While it's not the first time for such a declaration, it's also not the first time the budget process bears little resemblance to the way most of us conduct our personal business.
Along with the nation's $22 trillion deficit, the numbers are difficult to comprehend.
A trillion is a thousand billions. That's a one followed by 12 zeros.
"If you spent $1 million dollars a day, every single day, since Jesus walked the earth," says RIA Advisors economist Lance Roberts, "You still would not have spent a trillion dollars."
It's a lot of money.
The White House proposal includes more than a trillion dollars in new debt and, about, $407 billion in cuts.
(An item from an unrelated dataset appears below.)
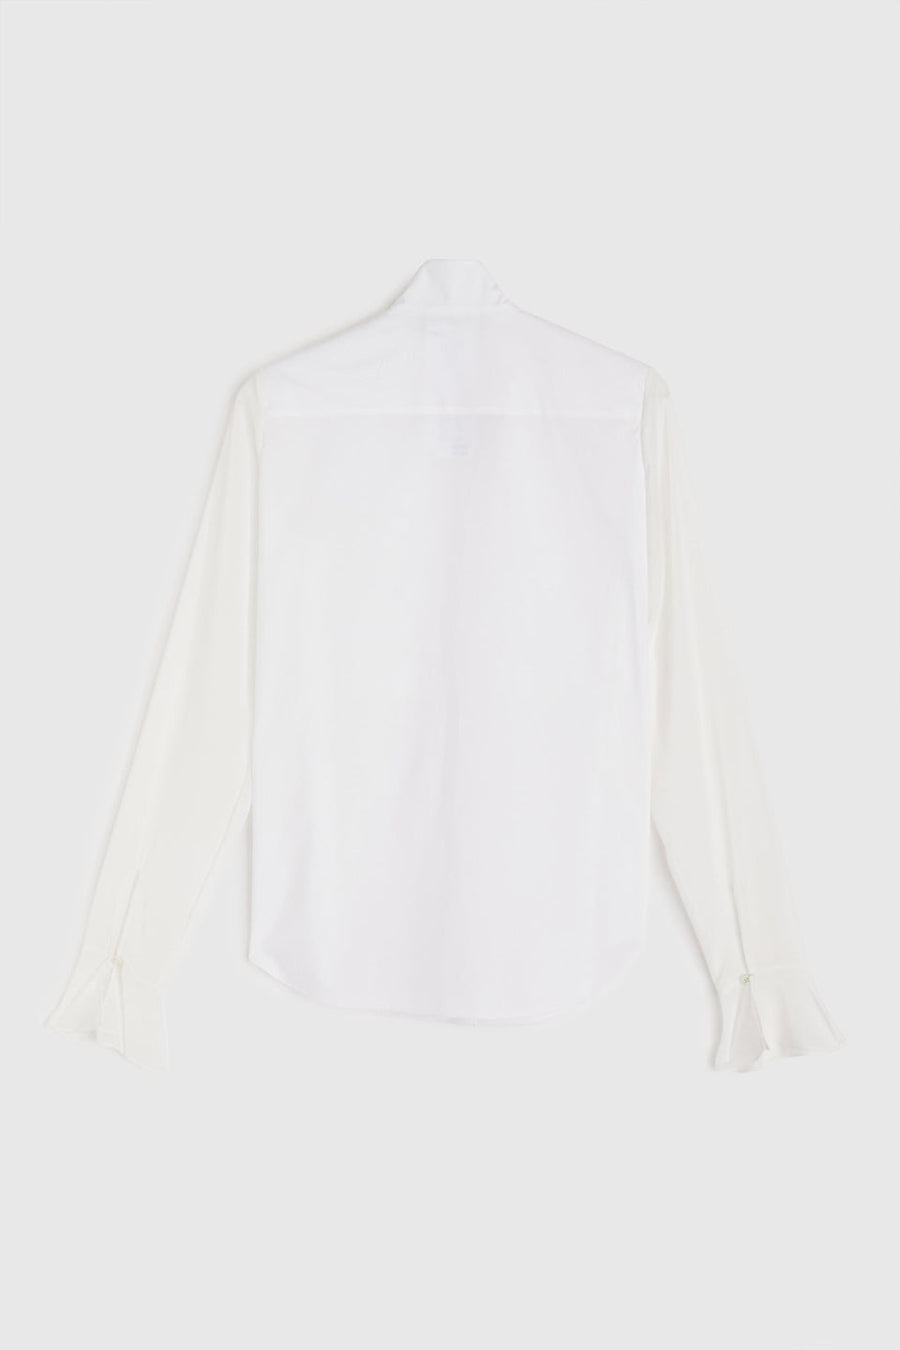 rochas shirt in chiffon cotton poplin white

Since the numbers can be mindboggling, try imagining it all as a household budget, by dropping eight zeros.
Now, the budget looks like this:
- Household Income: $36,450
- Spending: $47,460
- New Debt (credit card): $11,010
- Outstanding Credit Debt: $221,191
- Budget Cuts: $4,076
Roberts says it is no way for families, or the government, to conduct business.
"All that diverts money away from productive investment in the economy," says Roberts. "Things that would grow our economy, is being diverted by this debt structure."
Since the White House budget has little chance of passing "as is", it's is considered a list of the President's spending priorities.
The last time Congress passed a full-budget, rather than stop-gap measures like the one that ended the recent government shutdown was 2009.
The next fiscal year begins October 1.